October is Eye Injury Prevention Month. Preventing injury starts with precautionary safety measures. For most people thinking about eye protection is not primary, we wear gloves when gardening, hats for sun, shoes and hard hats for machinery. But, during all of these tasks are eyes are also in danger. Our eyes should be on the first things we think about, and the good news is they are easy to protect!
More than 1 million people suffer from eye injuries each year in the US, almost 90% of these are easily preventable. The first step is to buy, and wear safety goggles. Today, as fashion can be a big issue, these safety goggles comes in different colors, shapes, and sizes. They even sell tinted ones for wearing outside.
When working with any inside with any chemicals always read the labels first. Many times the label with explain precautionary steps to take for your eye health, as well as steps to take if the fluid does get in one’s eye. By reading the label before hand, one is not caught off guard when the fluid does come into contact with one’s eye.
When in a workshop think about the work one will be doing: will debris particles be in the air? Are you working with gases or chemicals? Are you working with fire? Will your eyes be exposed to the sun? When any of the answers to these questions are “yes” wearing protective goggles is a must.
When working outside it is important to wear at the very least sunglasses. Sunglasses will protect your eyes from UV radiation. They also help to protect your eyes from other debris, but they are not as protective as safety goggles, as they don’t have a protective side.
Prevention is key to protecting your eyes from injury. In the case that an injury does occur go to the doctor or hospital as soon as possible so that as little damage as possible may be done. Keep your eyes safe and healthy this month, no one wants to be wearing a real patch for Halloween!
September is Sports Safety month. Many of us don’t realize just how dangerous sports can be to our eyes, and thus we get injured. It is estimated that there are over 40,000 sports related eye injuries each year, and about 90% most of these easily preventable. Many doctors offer alternatives to wearing glasses while playing sports, and everyone should take advantage of this.
Basketball and Baseball lead the way in eye injuries. The most common eye injury is actually getting poked in the eye, not at all ball related. A poke in the eye can cause other problems such as a scratch on the cornea. A minor injury like that may be irritating, but it is easily preventable by wearing eye protection. Golf has the most call related injuries, as the balls are small, hard, and very fast. They can cause the most devastating damage of all ball related injuries.
There are three types of major sports related eye injuries: corneal abrasion, blunt injuries, and penetrating injuries. Corneal abrasion was spoken about above; it is when the cornea gets scratched. The most common cause is being poked in the eye. Blunt injuries are usually caused from the impact of an object. These injuries range from a cut on the eyelid to a black eye. \Penetrating injuries are when a foreign object pierces the eye.

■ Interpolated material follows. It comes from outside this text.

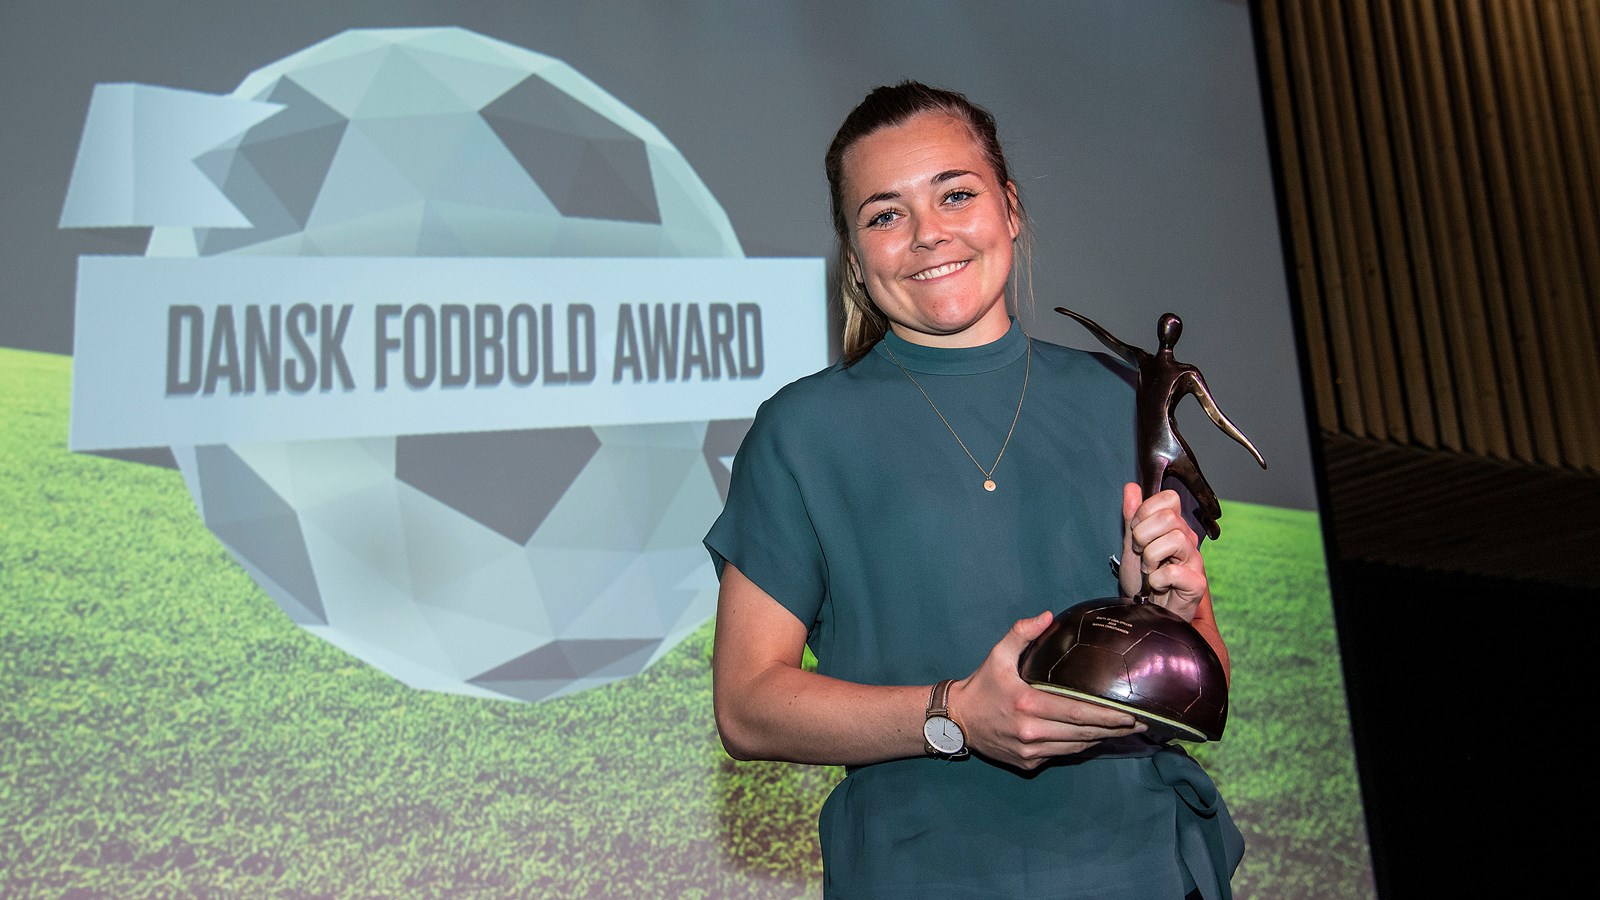 Årets prismodtagere ved Dansk Fodbold Award er fundet

For children a common cause of this type of injury is from the BB gun pellets. Although your kids may see think its dorky, ask them to put on eye protection as it will save everyone a lot of trouble!
The main way to protect your eyes is by wearing eye protection. If you wear glasses you may get eye protection goggles that can go over your glasses. Your eyes are very precious and they are easy to hurt, be sure to practice safe sports by wearing eye protection.
July is eye injury prevention month! The summer is a great time relax, maybe do some work around the house, and fix things up. But, not everyone remembers to wear sunglasses or safety goggles while doing all this work. American Academy of Ophthalmology estimates that more than two million eye injuries occur each year in the United States. 45% of these occur in the home, with another 40% occurring from sports or other recreational activities. 90% of these are preventable and only 35% occur while wearing some sort of eyewear.
July is an especially important month for eye care because of July 4th. Fireworks cause many injuries, especially eye injuries because almost nobody is wearing eye protection while viewing the show. There are around 2,00 firework eye injuries every year, and 50% occur in children 15 and younger. It can be hard to force your children to wear eye protection, but it would be more regrettable to not. The American Academy of Ophthalmology and the American Society of Ocular Trauma recommend that every household have at least one pair of American National Standards Institute (ANSI) glasses. These have side shields that protect any debris or fluids from splashing into the eye. These will also have the ANSI marking on the side.
It is also important to remember that the sun is three times stronger in the summer, so always wear UV protection glasses. If you are going to be working in the sun with a lot of hazardous materials try and find a pair of safety goggles that have UV protection as well.
It is an easy safety precaution that will help to prevent up to 90% of eye injuries. Make sure to go out and by yourself a pair of safety as goggles, as well as actually using them!